# chipmunks in the house



## woodypecker (Aug 6, 2016)

Hello all, got a little problem. discovered there's a couple of chipmunks living inside my vinyl siding. I've seen them scoot up the corner piece of my siding. my wife a couple of weeks ago said that she heard something in the wall of our bedroom which is on the second floor. first I would like to get rid of them, but not kill them. 2nd, is there something that I can use to cover up the bottom of the corner? also, is there a possibility of little ones inside the house? Thanks here's a pic. of the chipmunks, they're at the far corner of my deck.


----------



## stick\shift (Mar 23, 2015)

Chipmunks are not an endangered species by any stretch. As long as they stay outside, I'm fine with them but if they get into the garage, I have rat traps set for them. The traps are tied to bigger objects in the garage because a couple of them 'walked off' at first.


----------



## de-nagorg (Feb 23, 2014)

Moth Balls, placed in the walls where you hear them, they and all rodentia hate the smell.

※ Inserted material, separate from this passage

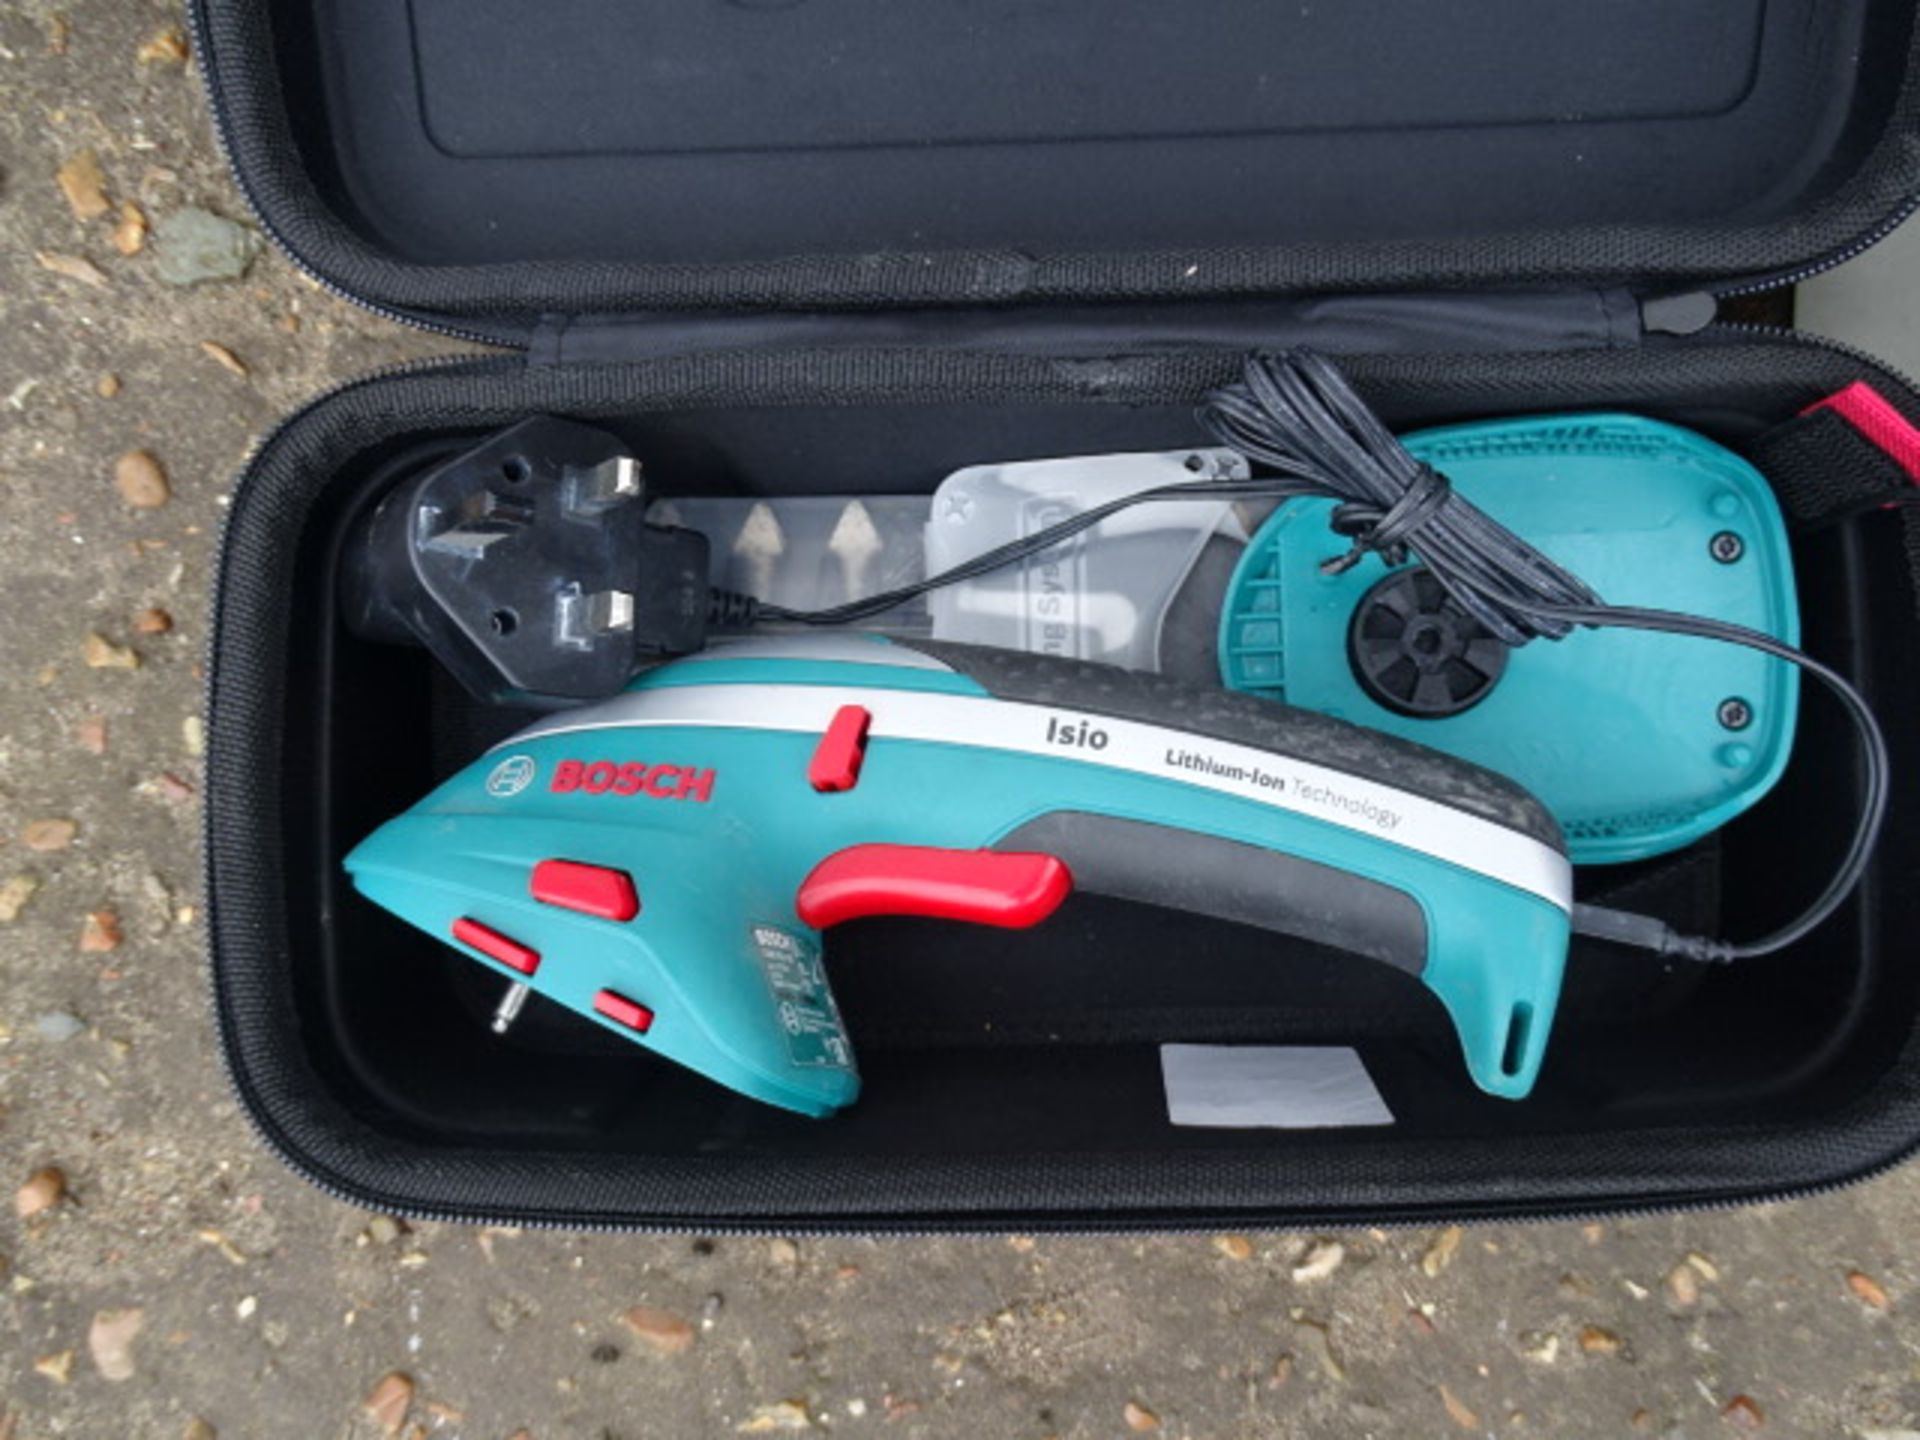 Bosch cordless lithium drill, garden trimmer and Black & Decker sander, all from a house clearance - Image 3 of 7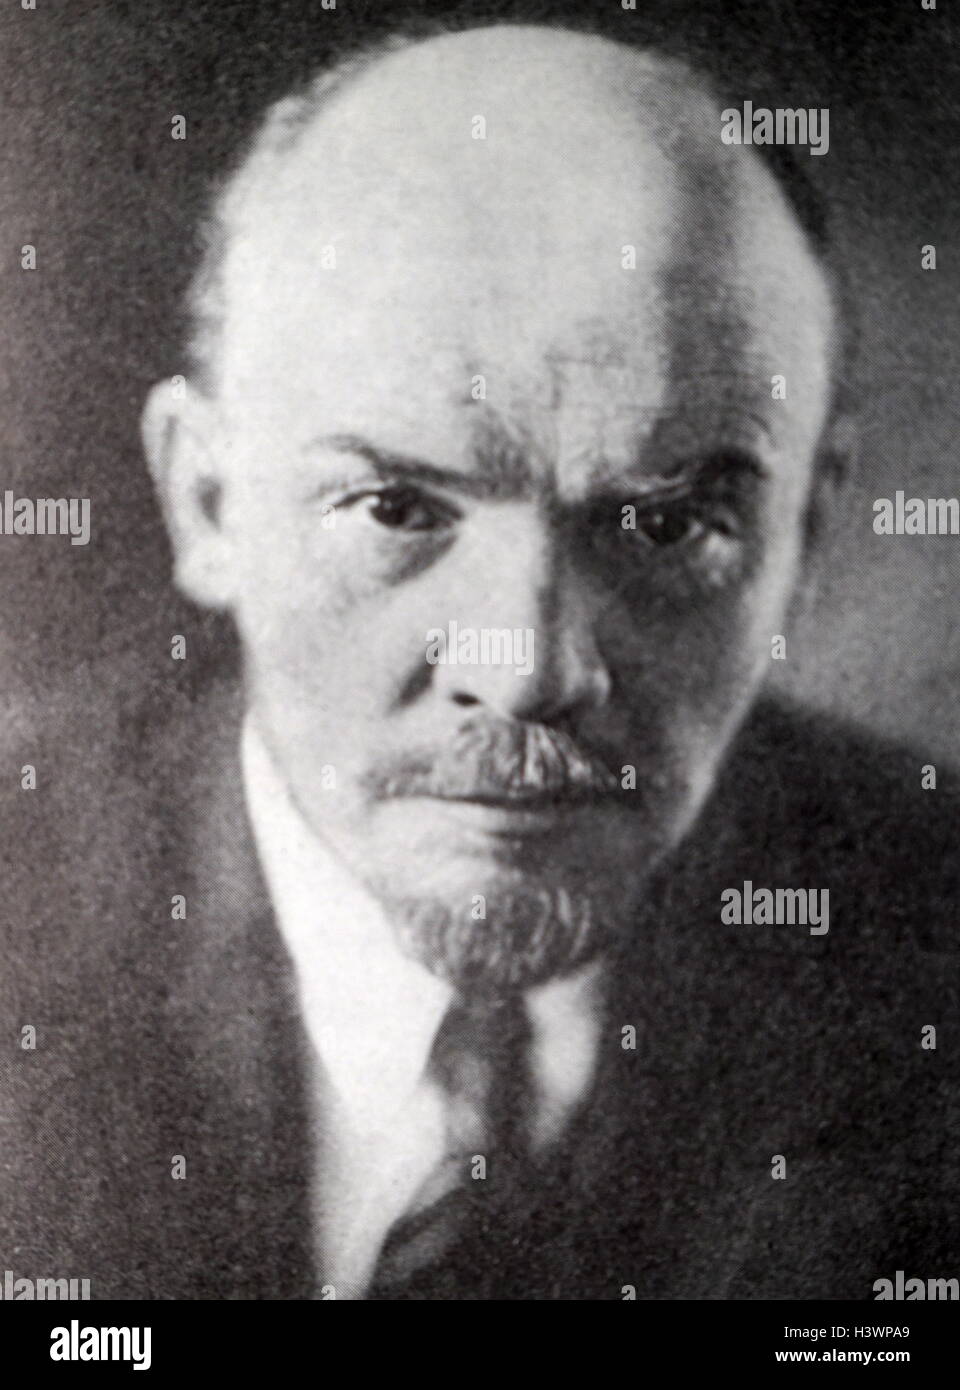 Photograph of Vladimir Lenin (1870-1924) a Russian communist revolutionary politician, political theorist, and head of the government of the Russian Republic, the Russian Soviet Federative Socialist Republic and the Soviet Union. Dated 20th Century Stock Photo

The siding manufacturers used to make caps for those corner posts.

You need to contact the manufacturer, if you know who made it, otherwise call siding corporations locally, and ask them to try to get caps for those corner posts. 


ED


----------



## CaptTom (Dec 31, 2017)

I've seen people take a scrap piece of vinyl corner post and fold it to make a cap for the top or bottom. Never really tried it, but it seems like it would work if you're good with that sort of thing.

My method is to roll up a short piece of 1/2" steel mesh and form it into the gap. You can also spray some "Pest Block" expanding foam in. 

I've done this on a shed, but ask an expert whether there's a downside to using foam on a house, like maybe there needs to be a gap for air or water to pass in or out, respectively. In which case, stick with just the steel mesh.


----------



## woodypecker (Aug 6, 2016)

I found some stainless steel scrubbing pads and have inserted them in the corners. hopefully the chipmunks were out foraging when I installed them. Thanks everyone for your tips


----------



## digitalplumber (Jul 8, 2011)

Had to pull some lower bricks on a side wall of my sons home because they were in the wall. I placed a Hava Heart trap up against the opening. Fresh peanut butter and peanuts and caught then one at a time.


----------